Ana asteroit kuşağındaki en büyük cisim olan
Ceres ilk keşfedilen asteroid olsa da bazı astronomi kaynakları tarafından şu anda cüce gezegen olarak sınıflandırılmakta ve yüzeyinde karbonlu bileşikler, yüzeyinin altı ise su ve su buzu yer almaktadır.
Vesta diğer asteroidlerden farklı bir içeriğe sahip ve Dünya benzeri gezegenlere benzer olarak demir ve nikelden oluşan çekirdek ve onun üstünde kaya bir manto ve onları saran soğumuş lavlardan oluşan bir kabuğa sahiptir.
Pallas yüzeyinde az miktarda demir içeren silikat ve sudan oluşmaktadır.

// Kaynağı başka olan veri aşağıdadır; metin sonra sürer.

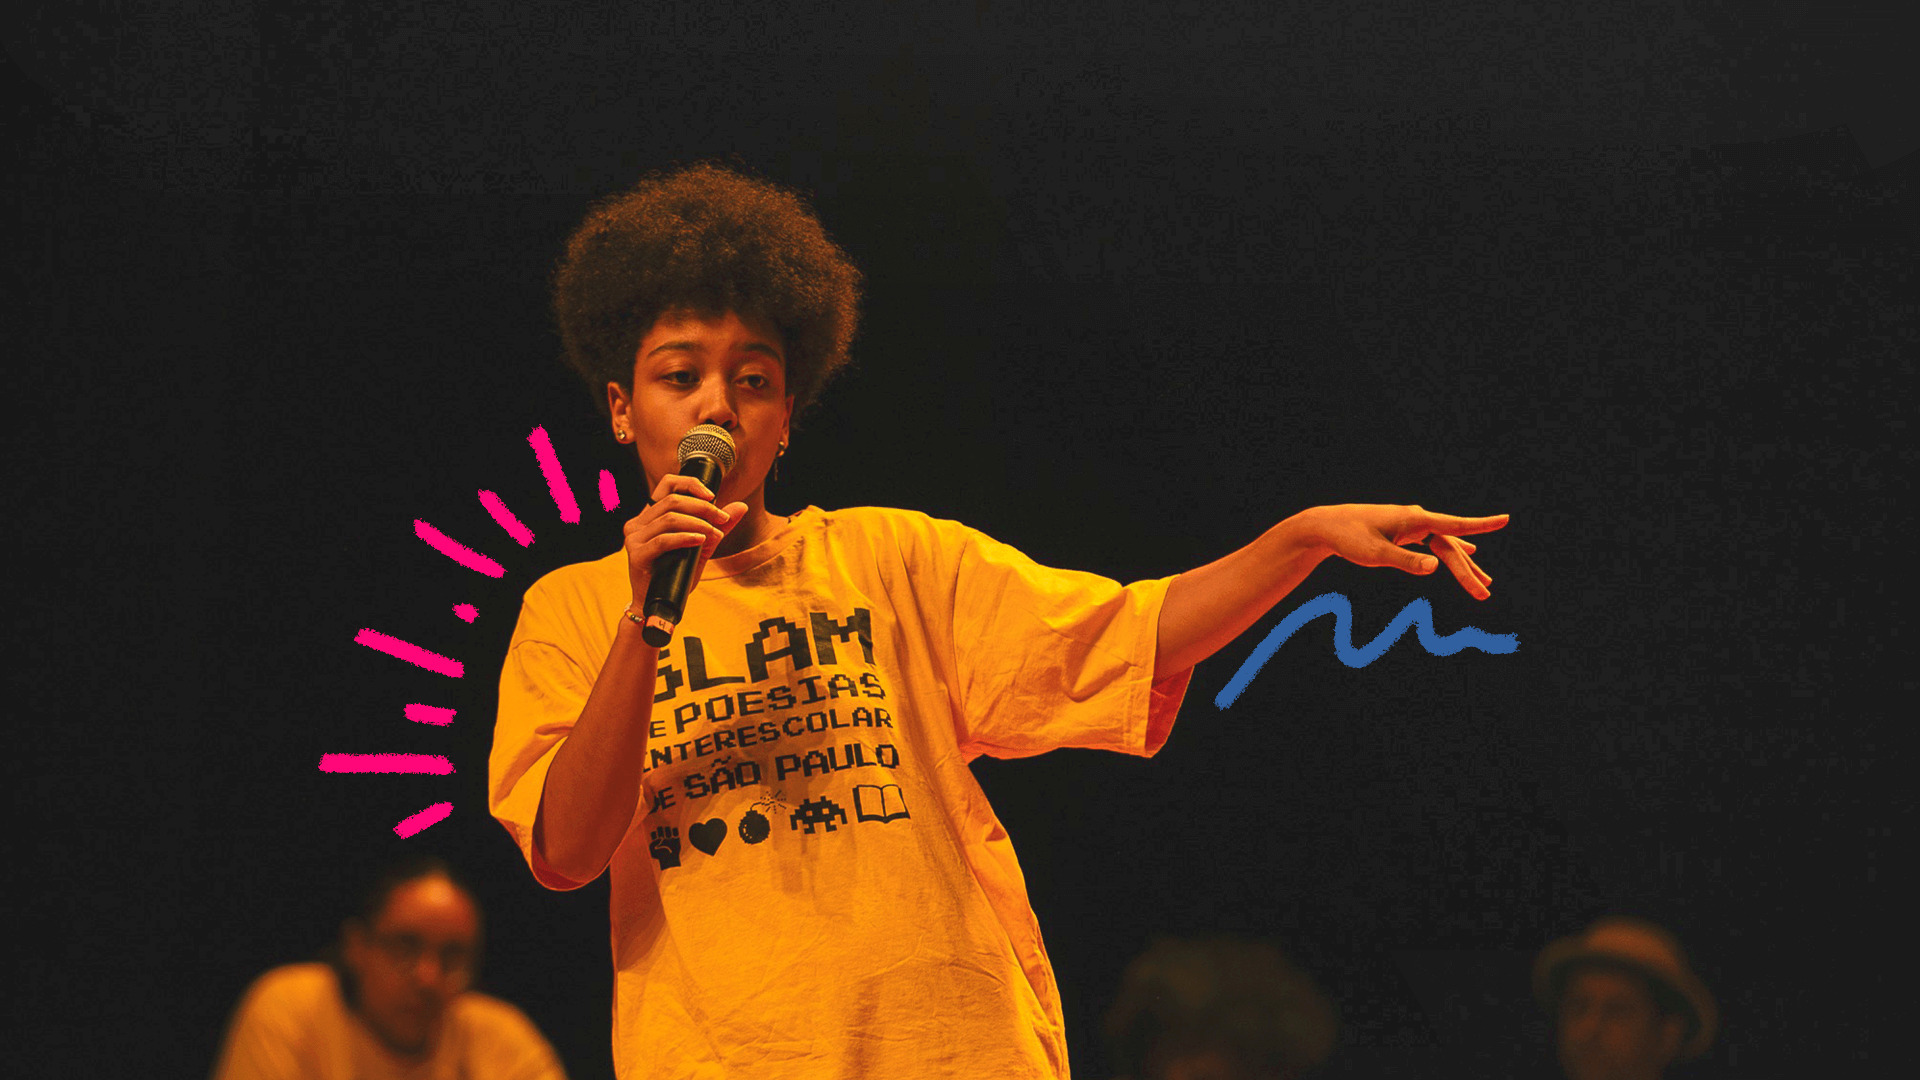 Uma jovem negra de camiseta amarela com a palavra slam estampada está segurando um microfone
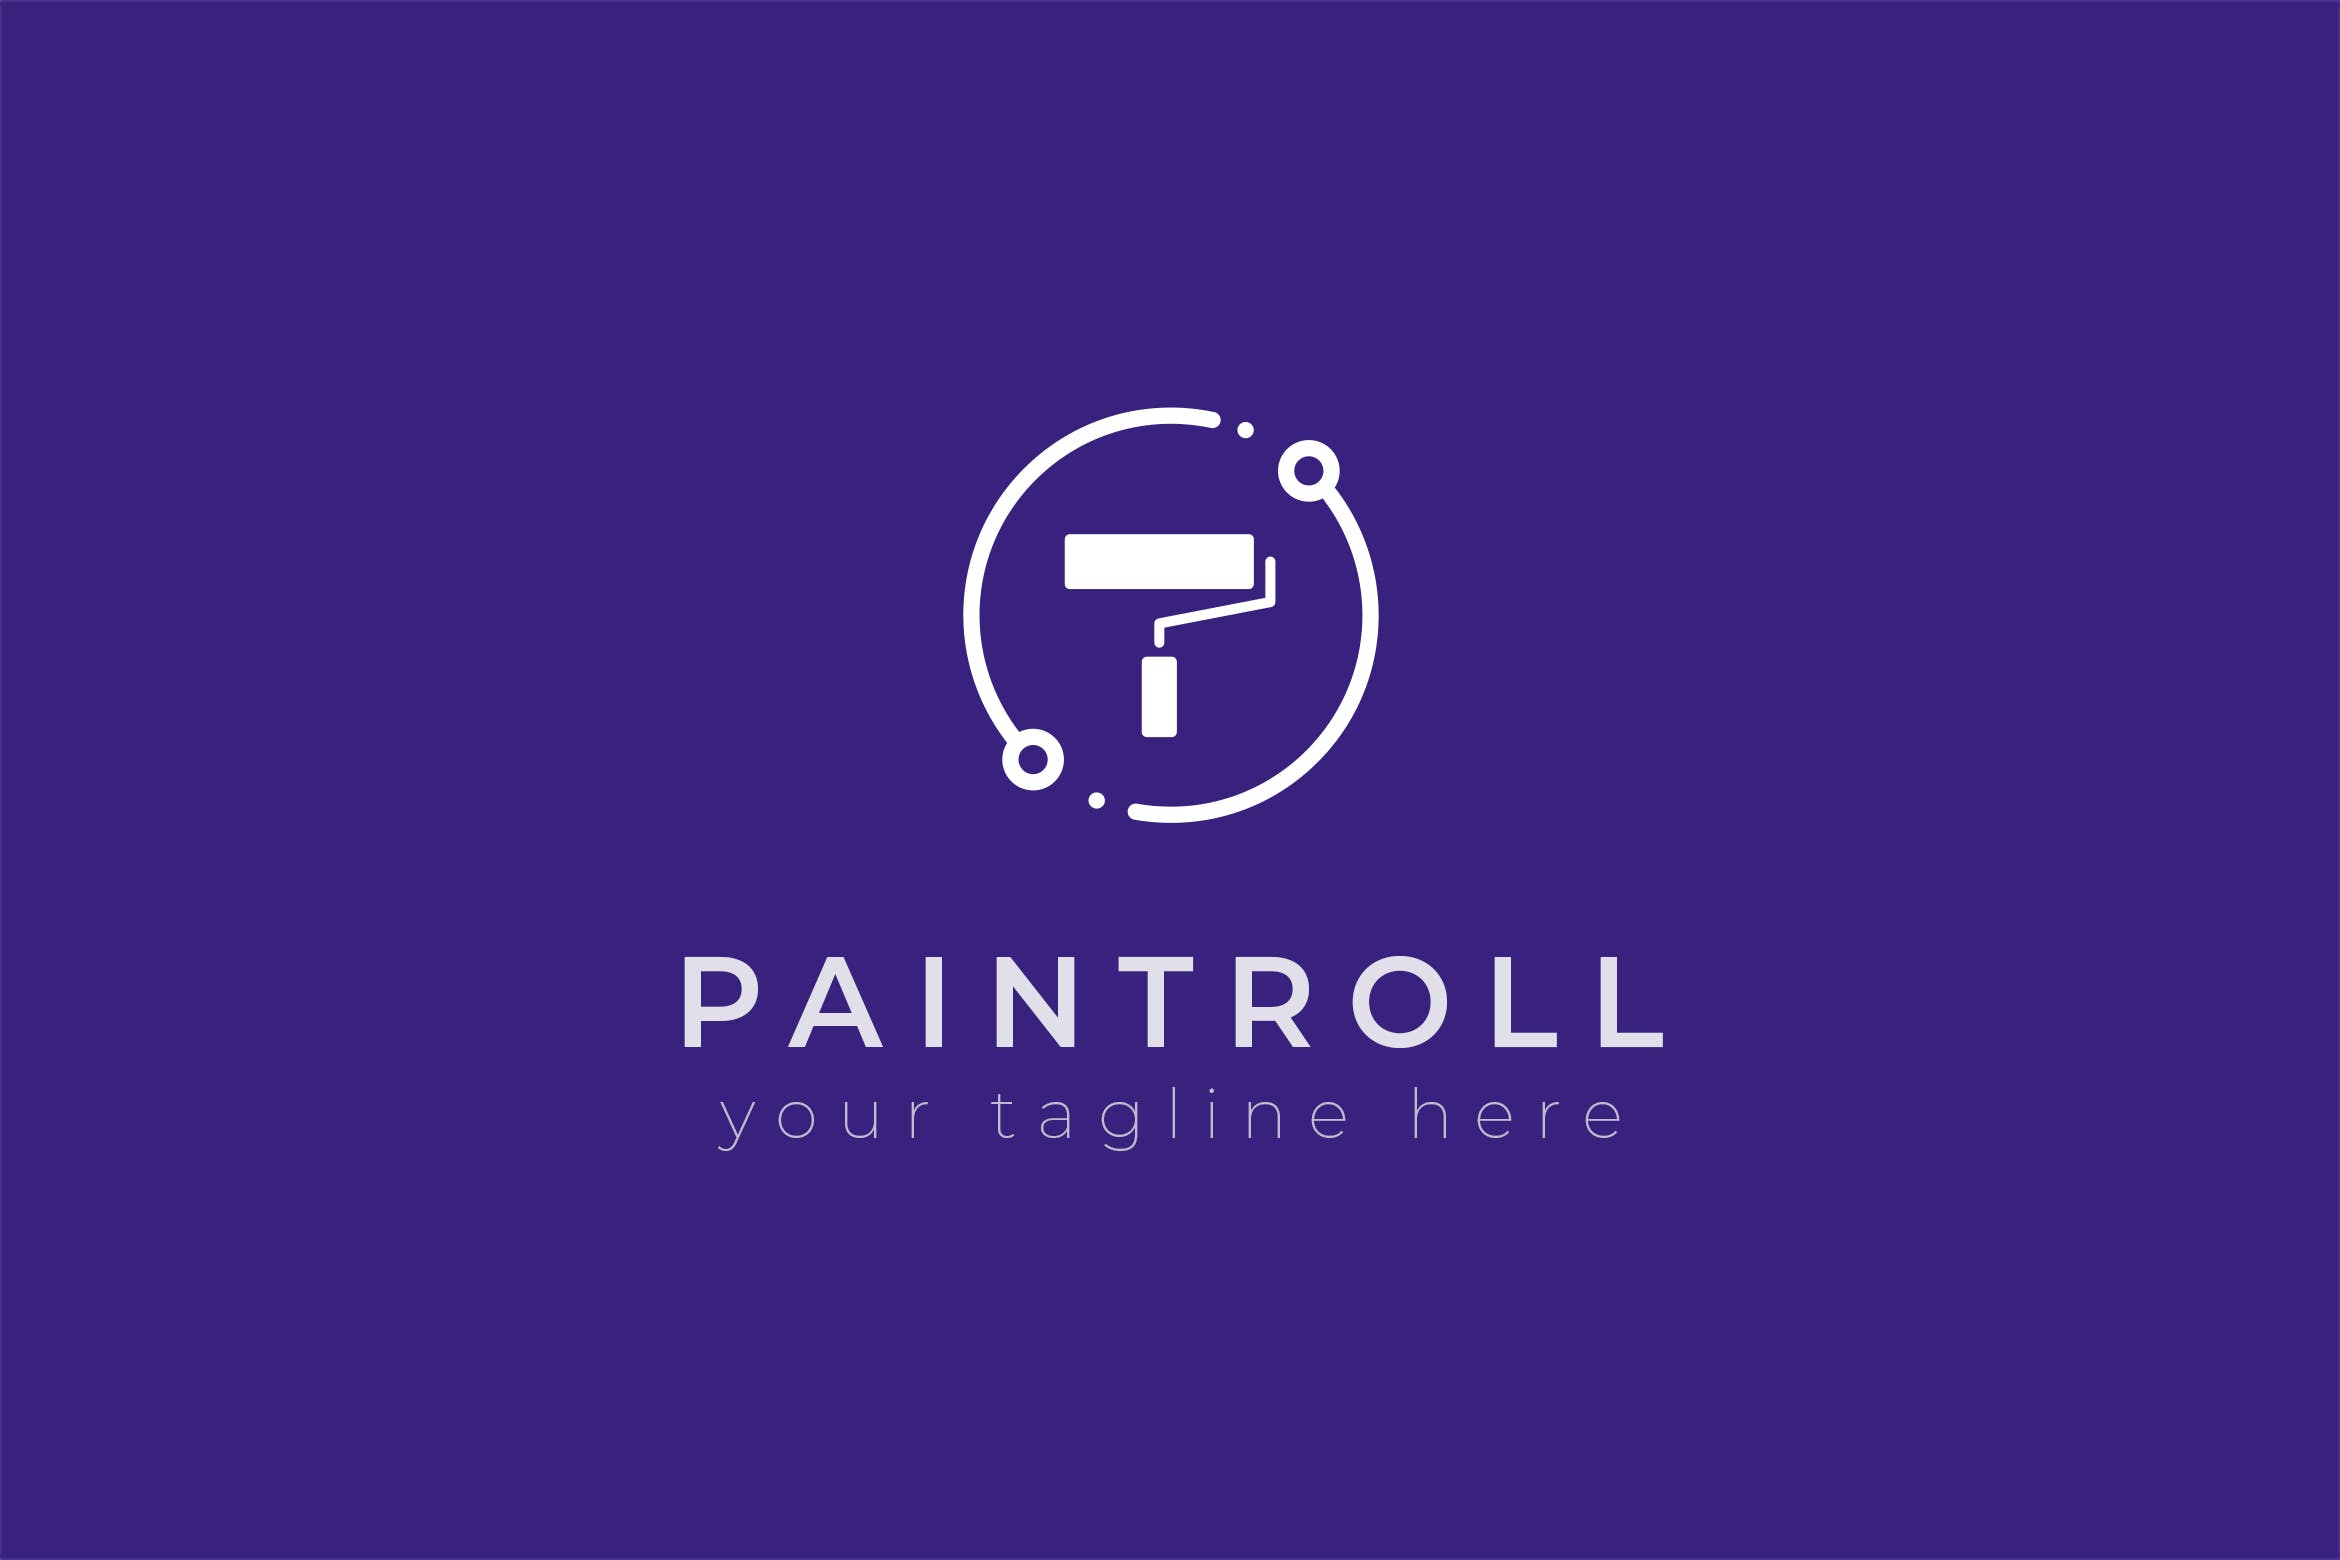 油漆品牌油漆滚刷图形Logo设计非凡图库精选模板 Paintroll – Premium Logo Template插图

Juno ise magnezyum ve silikat içeren sert kayalardan oluşan bir yüzeye sahiptir. Tüm bunlar asteroidlerin yapılarının, yörüngelerinin incelenmesi, sınıflandırılması amacıyla yapılan ve bilimsel amaçlı çalışmalar için gönderilen NEAR Shoemaker (1997), Derin Uzay 1 (1999), Yıldız tozu (2002) gibi uzay programları sayesinde edindiğimiz bilgiler.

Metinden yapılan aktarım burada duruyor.